At the end of the day, the sandhogs congregated in the hog house, a small white shack with wooden benches, lockers, and a shower, inside the fenced area on Thirtieth Street. Yellow slickers, now black with mud, hung from hooks. A television set murmured in the corner, and several men stood around it in towels while another mopped the floor around their feet.
Ryan sat down at a table to talk with me. His elbow rested on his hard hat; a line of mud traced the side of his cheek. He had lost part of his hearing from the constant concussions, and he spoke louder than normal.
“No one wants to talk about it, but we’re flirting with disaster,” he said. The old tunnels, Ryan explained, were leaking “like a sieve;” some of the sections were built nearly a century ago and were in desperate need of repair. But until Tunnel No. 3 is virtually complete there will be no way to fix them. In part, this is because getting inside Tunnel No. 1 or No. 2 would require the city to shut the water off, and without a backup supply there would be serious water shortages. But it was more than that, and, as several sandhogs peered over his shoulder, Ryan started to draw a circle on the table with his muddy finger. “See this?” he asked me. “These are the valves that control the flow of water.”
“They’re hundreds of feet underground,” another sandhog said.
The valves were designed, Ryan said, to open and close guillotine-like gates inside the cylindrical tunnels, stopping the flow of water. But they had become so brittle with age that they were no longer operable. “They’re afraid if they try to shut the valves they won’t be able to turn ’em back on,” Ryan said.

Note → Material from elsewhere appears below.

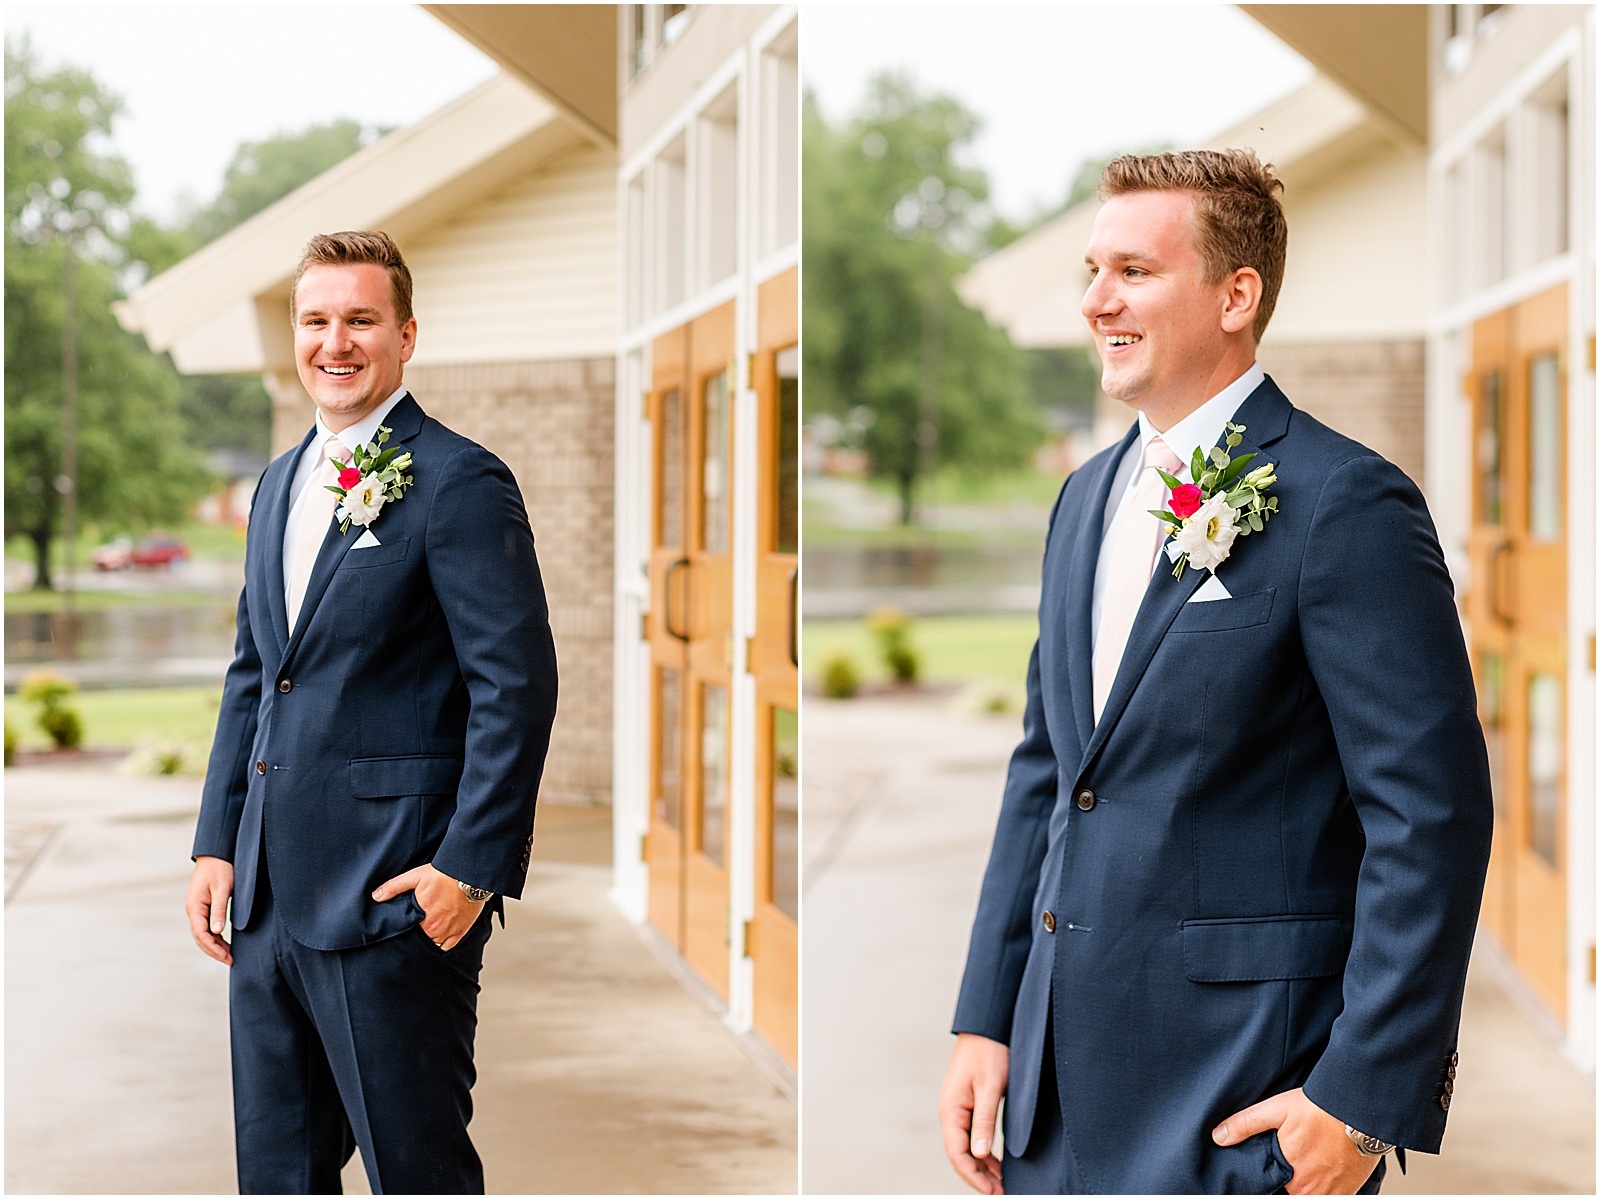 An Evansville Country Club Wedding | Madison and Christiaan | Bret and Brandie | Evansville Photographers | @bretandbrandie-0142.jpg
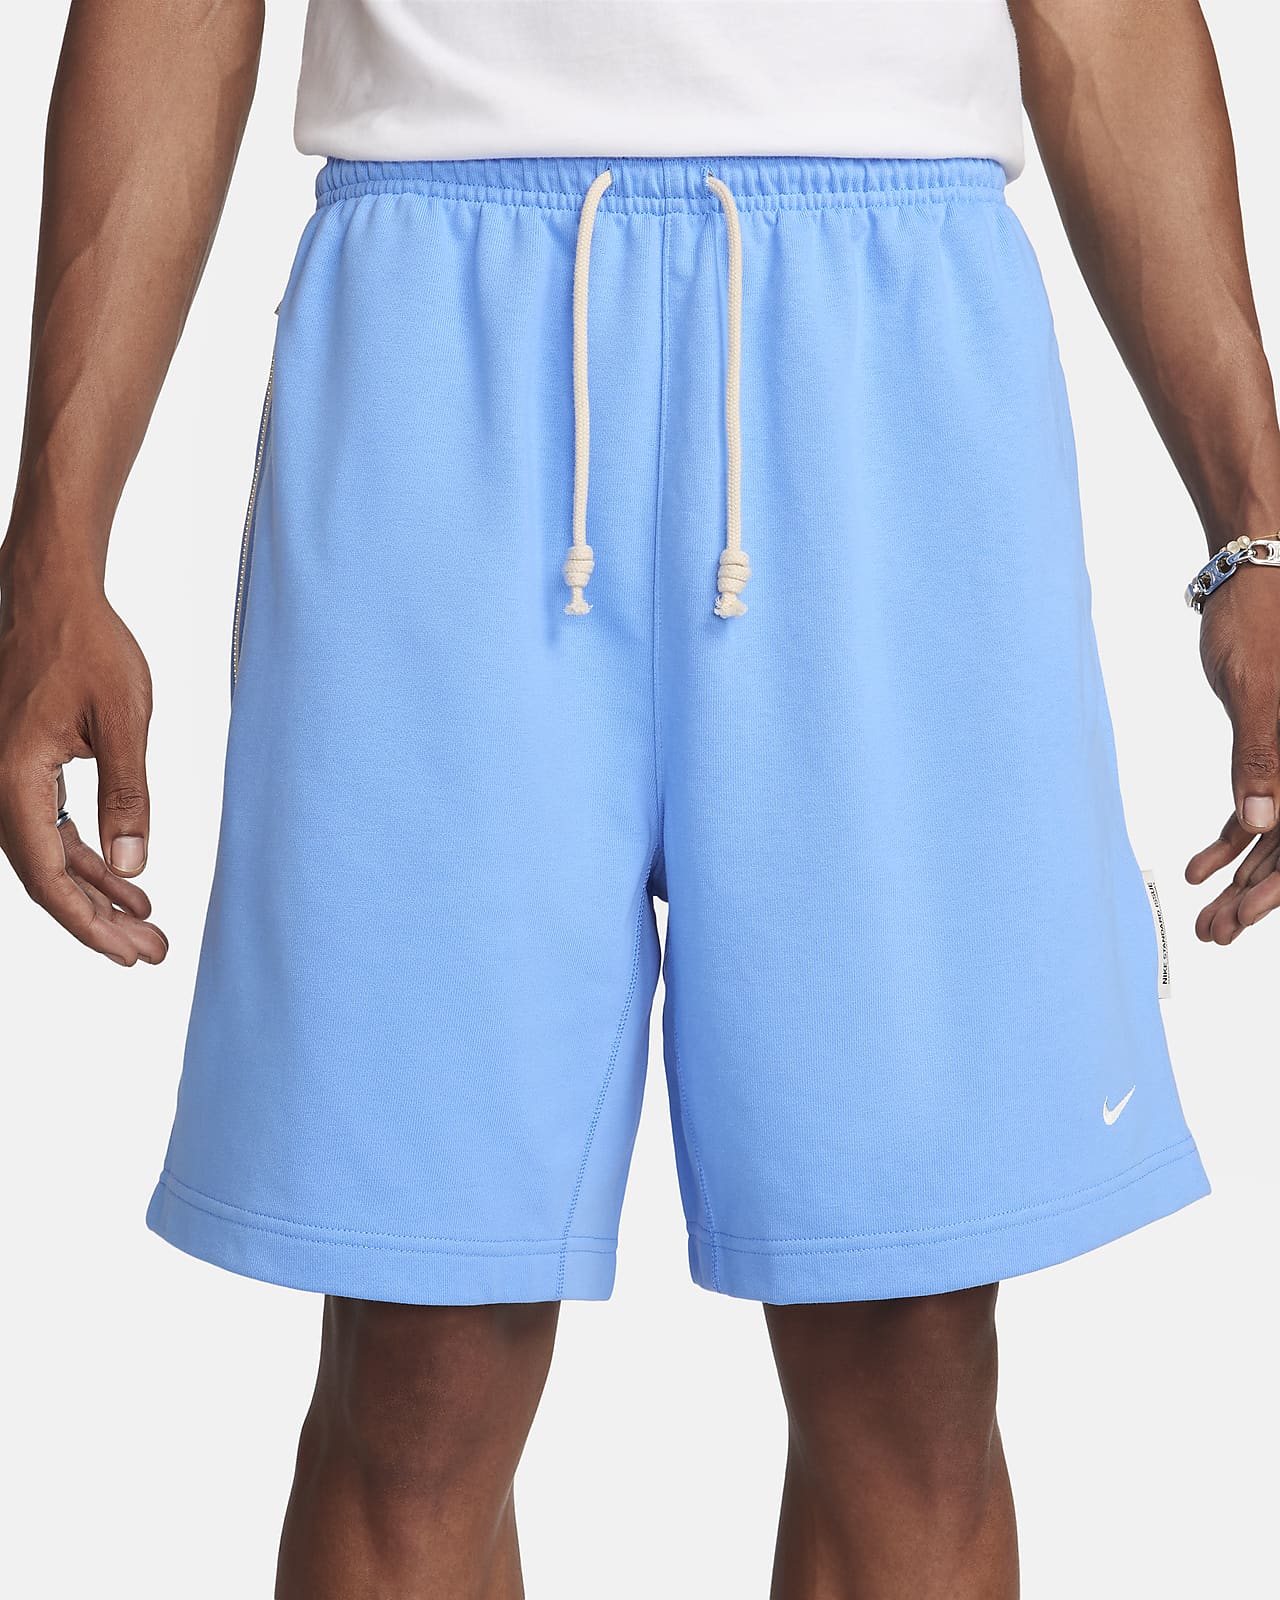 Custom Design Basketball Wear Shorts Sets Classic Sky Blue

He wiped some mud from his eyes. “Look,” he said. “If one of those tunnels goes, this city will be completely shut down. In some places there won’t be water for anything. Hospitals. Drinking. Fires. It would make September 11th look like nothing.”
Ryan wasn’t the only one who spoke of the tunnel system’s frailties, even if the others did so in slightly less alarming terms. One day in the spring of 2003, I met Christopher Ward, the head of the city’s Department of Environmental Protection, which is responsible for designing and operating the tunnel system. With a broad chest and a blunt, goateed chin, he looks more like a sandhog than like a politician, and has a tendency to lean forward when he speaks, as if about to leap to his feet. “People don’t want to acknowledge it, but the useful life of a tunnel does exist, and at some point it does start to fail,” he said. The metal valves, in particular, degrade until they can no longer withstand the pressure. Ward said that the original two tunnels were so dilapidated that it was too risky to try to shut off the water and repair them until City Tunnel No. 3 was operational. He added that there is still time before the aging tunnels collapse—“We’re not talking about today or tomorrow”—though it is impossible to predict how much.
Others are more pessimistic. One D.E.P. scientist told me, “Some of the aqueducts are already hemorrhaging water badly,” while a recent study by Riverkeeper, an environmental organization, concluded, “In some cases, this extraordinary infrastructure is literally crumbling.” Upstate, in the industrial town of Newburgh, for example, water has begun to pour out of cracks in the underground aqueduct that feeds into the city tunnels—so much that the leaks have created a giant sinkhole.